The Fed's Dilemma

Excerpt from John Makin's latest commentary:

There is a connection between the necessary, rapid easing of monetary policy by the Federal Reserve and the sharp increase in global food and energy prices that is feeding back onto the United States as a contractionary force by reducing real purchasing power. The currency pegs to the dollar of some large, rapidly growing countries, including China, Russia, and Brazil, in effect make the Federal Reserve the central bank of those countries. Steep cuts in interest rates by the Federal Reserve to help cushion the impact of the bursting of the housing bubble have created a huge inflow of funds in search of returns to these same emerging market countries, as well as India and Middle Eastern oil exporters. The attempt to peg their currencies to the dollar forces those countries to produce rapid increases in liquidity that, in turn, stimulate demand growth for food and energy products.
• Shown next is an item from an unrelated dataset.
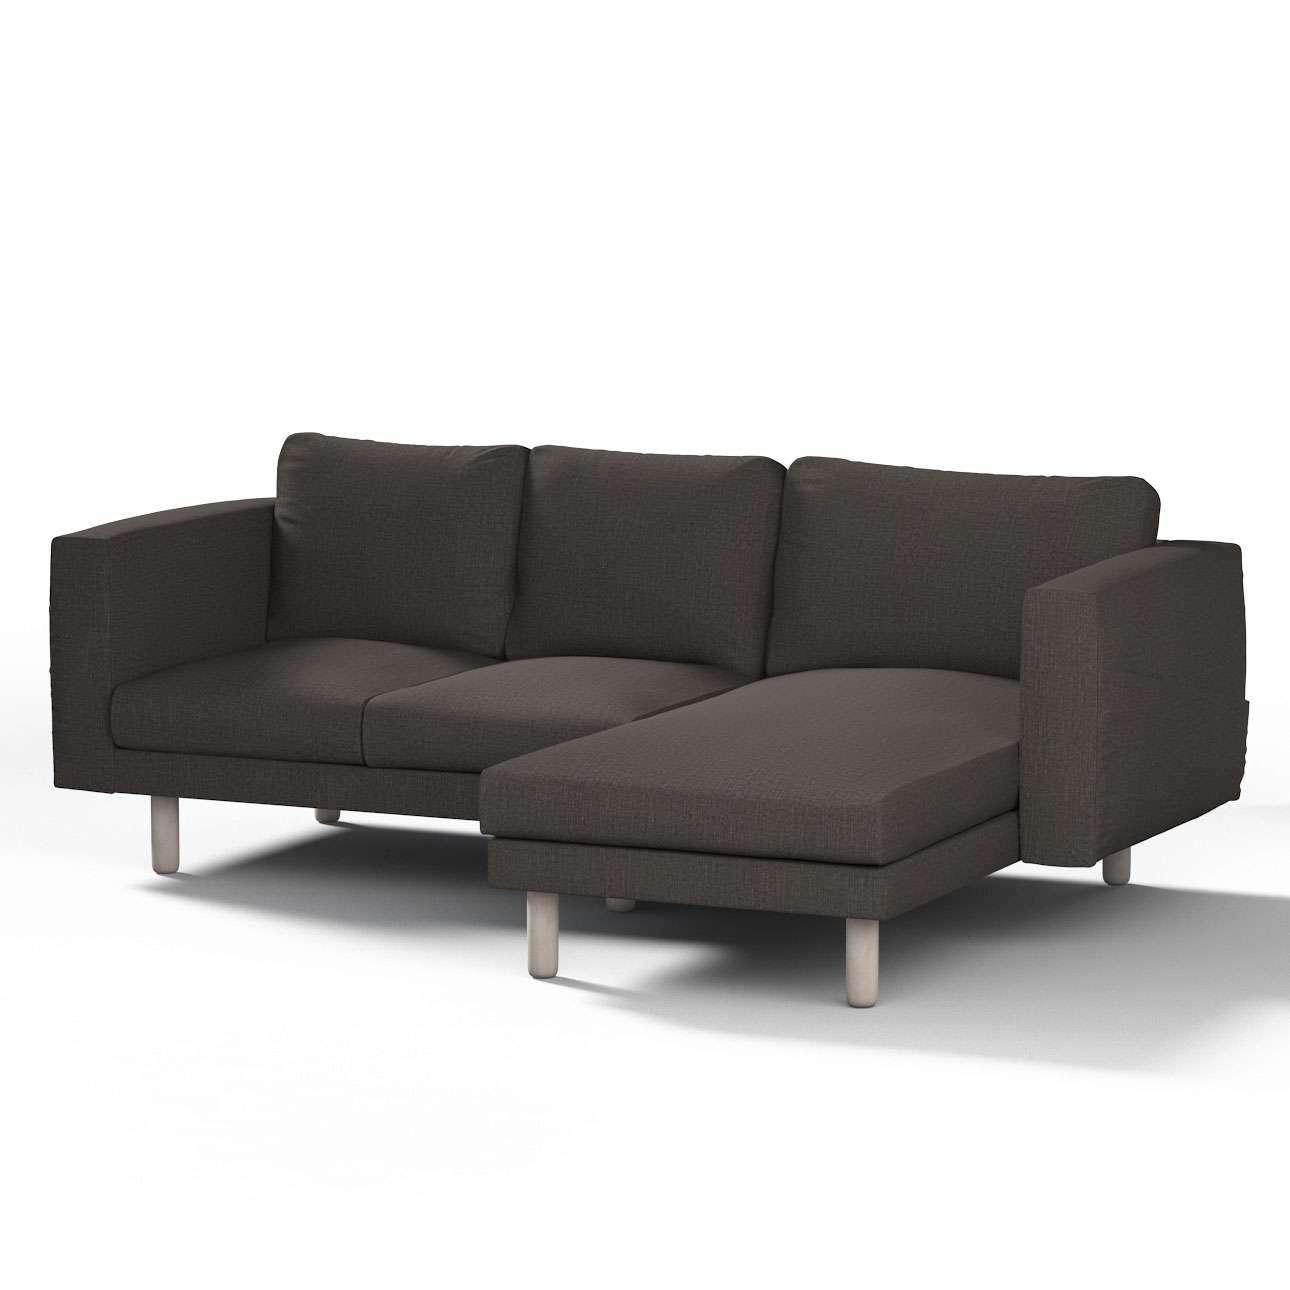 Pokrowiec na sofę Norsborg 3-osobową z szezlongiem w kolekcji Etna, tkanina: 702-36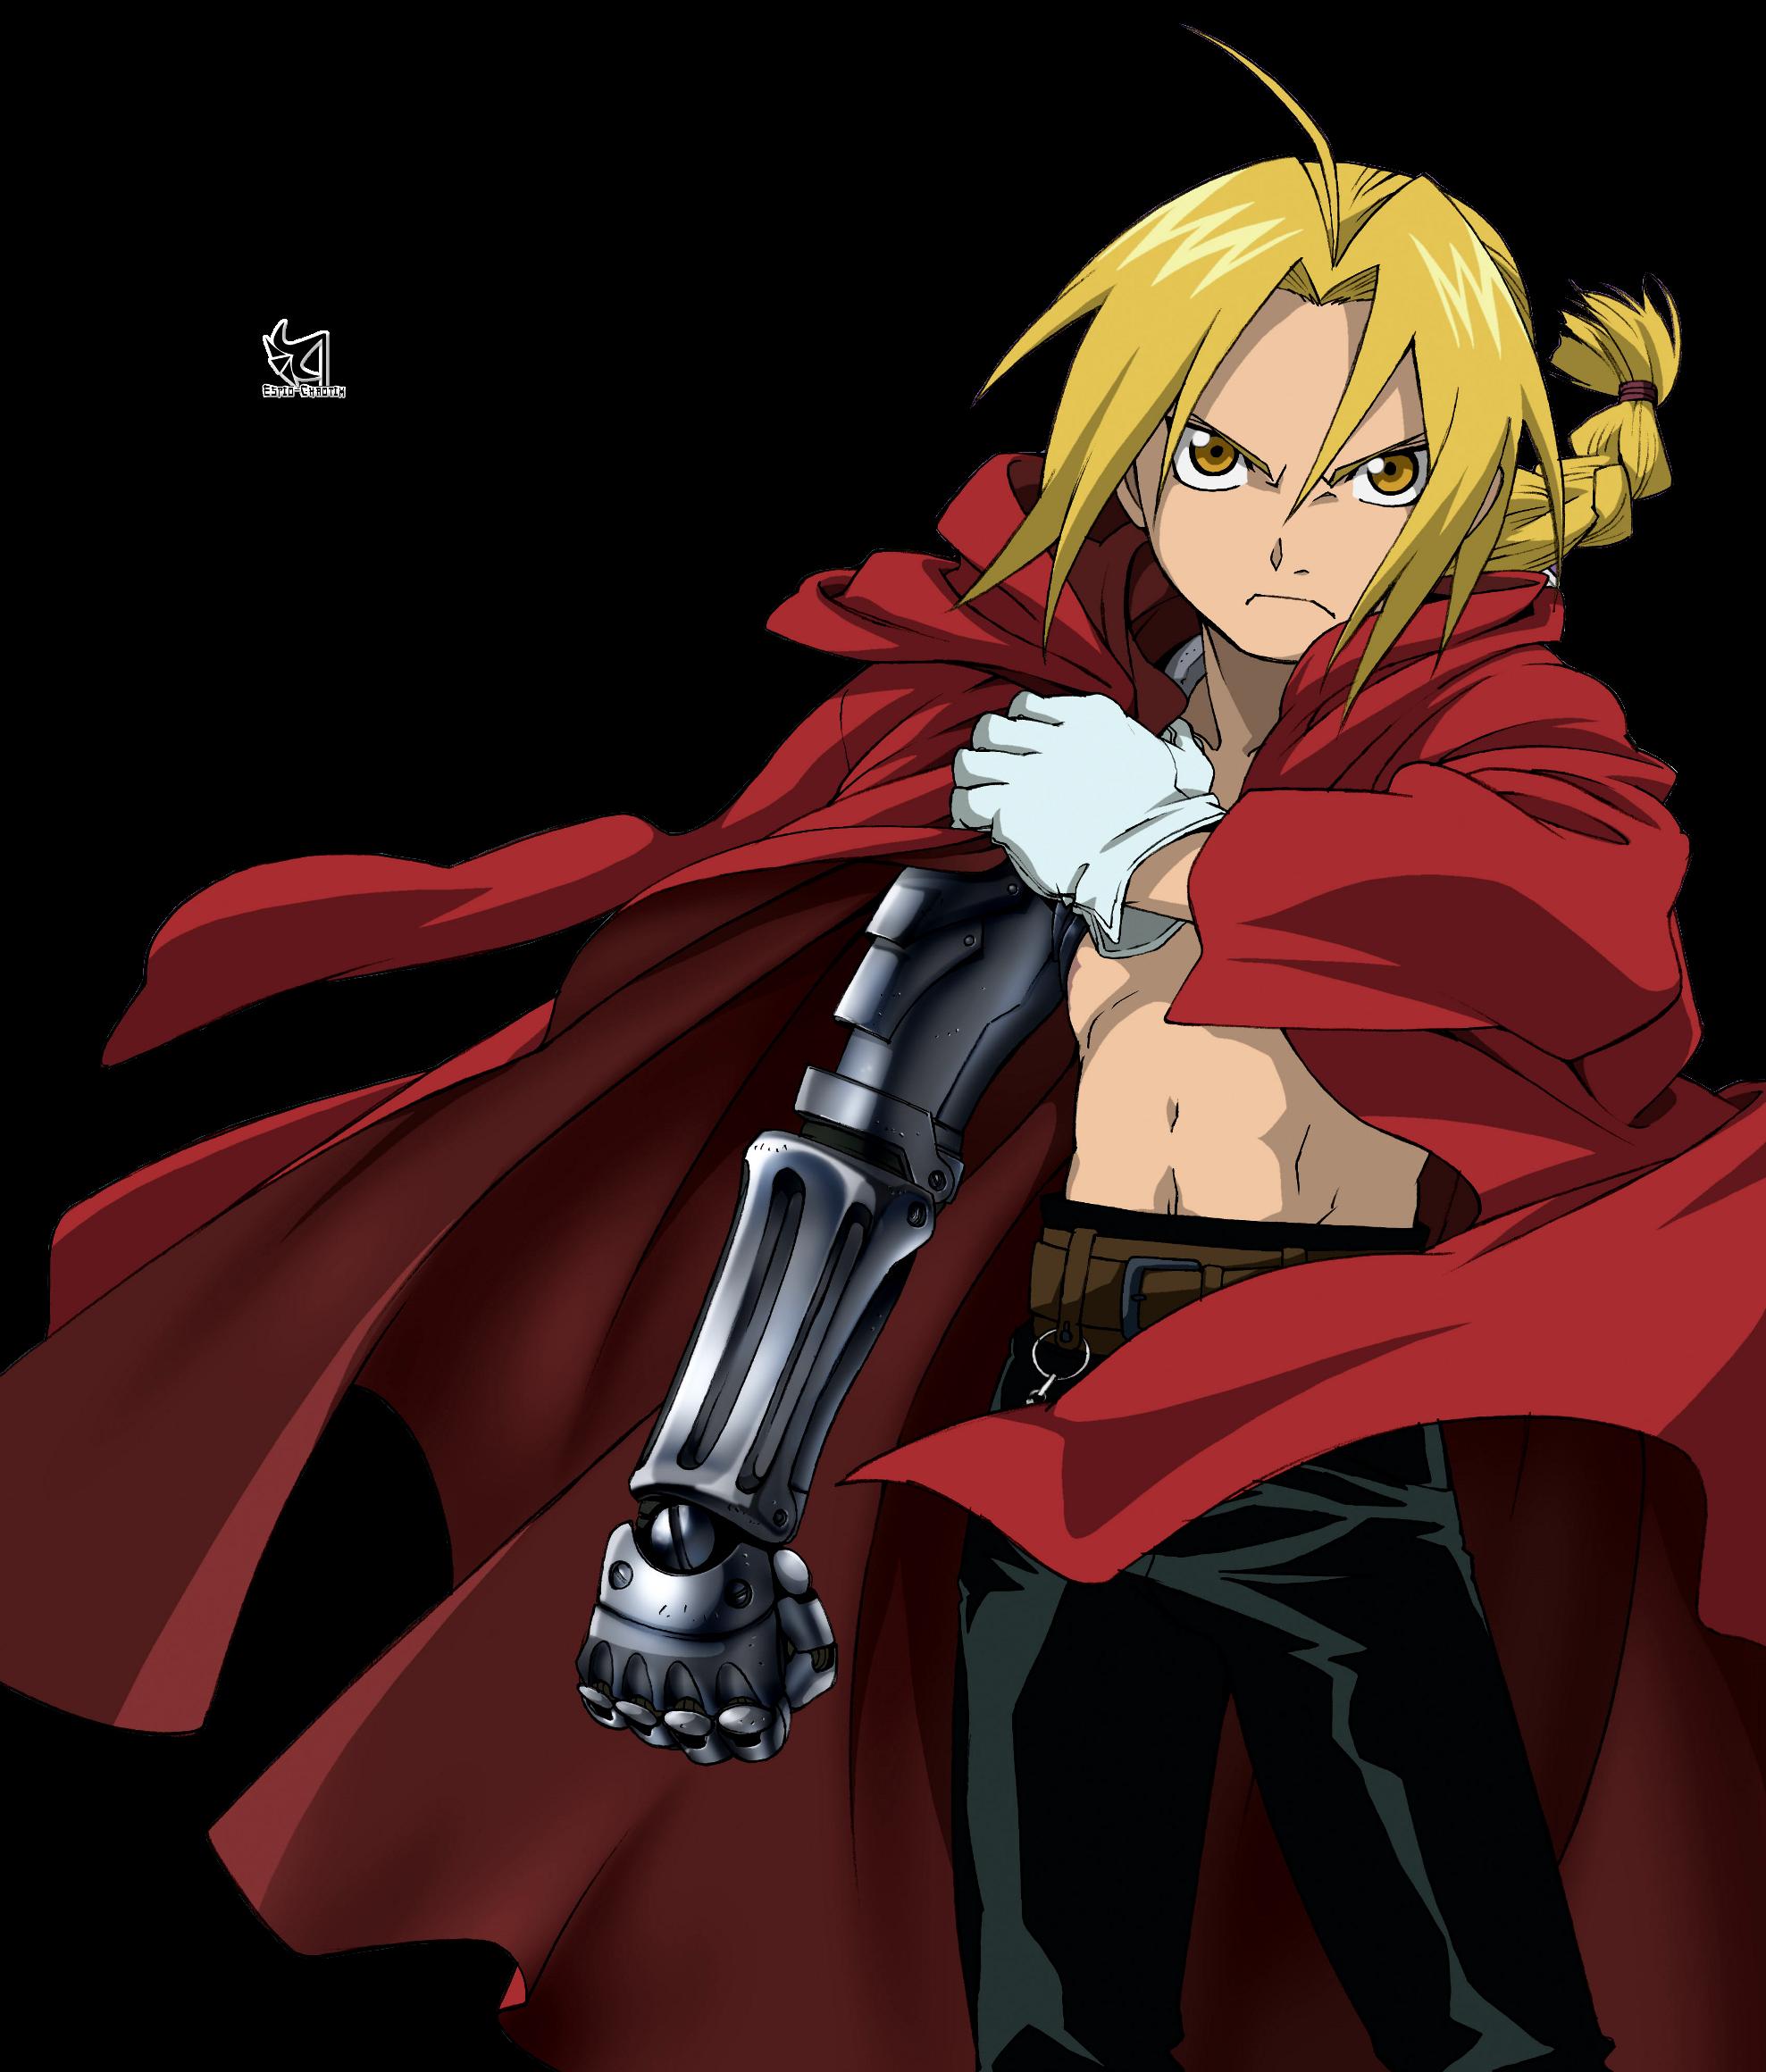 Fullmetal Alchemist Edward Elric Read Full Metal Alchemist Manga Online | Discuss FMA on ...

So by pegging their currencies to the dollar, those countries are forcing more adjustment in the United States to higher energy prices. The more the Fed eases to accommodate credit strains in the U.S. economy, the more money floods abroad into emerging market countries and pushes up their energy prices. Beyond that, energy prices are held below market levels by governments such as that of China so that as their economies grow more rapidly, the demand for energy expands even faster without any discipline from higher prices, and so inflation in other sectors rises. The estimated effective oil price inside China is about $60 a barrel--half the full international market price. Rapidly rising inflation and accommodating central banks have resulted in negative real interest rates in most emerging countries--a further spur to more inflation. The corollary is that energy prices have to rise more in the United States in order to slow the global growth of demand for food and energy products.

Higher food and energy prices feed back negatively onto U.S. and developed economies in two ways. The higher inflation hurts the terms of trade of the developed countries and compresses real wages and profits. U.S. real wage growth has already dropped below zero, while profit compression is becoming more intense as U.S. companies, facing higher input costs, are unable to pass on the higher costs through price increases in a slowing U.S. economy.

The second negative impact of the stimulative policies to ease the credit crisis arises from the commitment of central banks in developed countries to resist infla-tion pressure. The Fed, after its April 30 reduction ofthe federal funds rate to 2 percent, with two dissenting votes in the Open Market Committee against that rate cut, has already signaled a desire to stop easing in the face of higher inflation pressures from higher food and energy prices. The determination of the European Central Bank, the Bank of England, and the Bank of Japan to resist higher energy prices has also been clearly stated.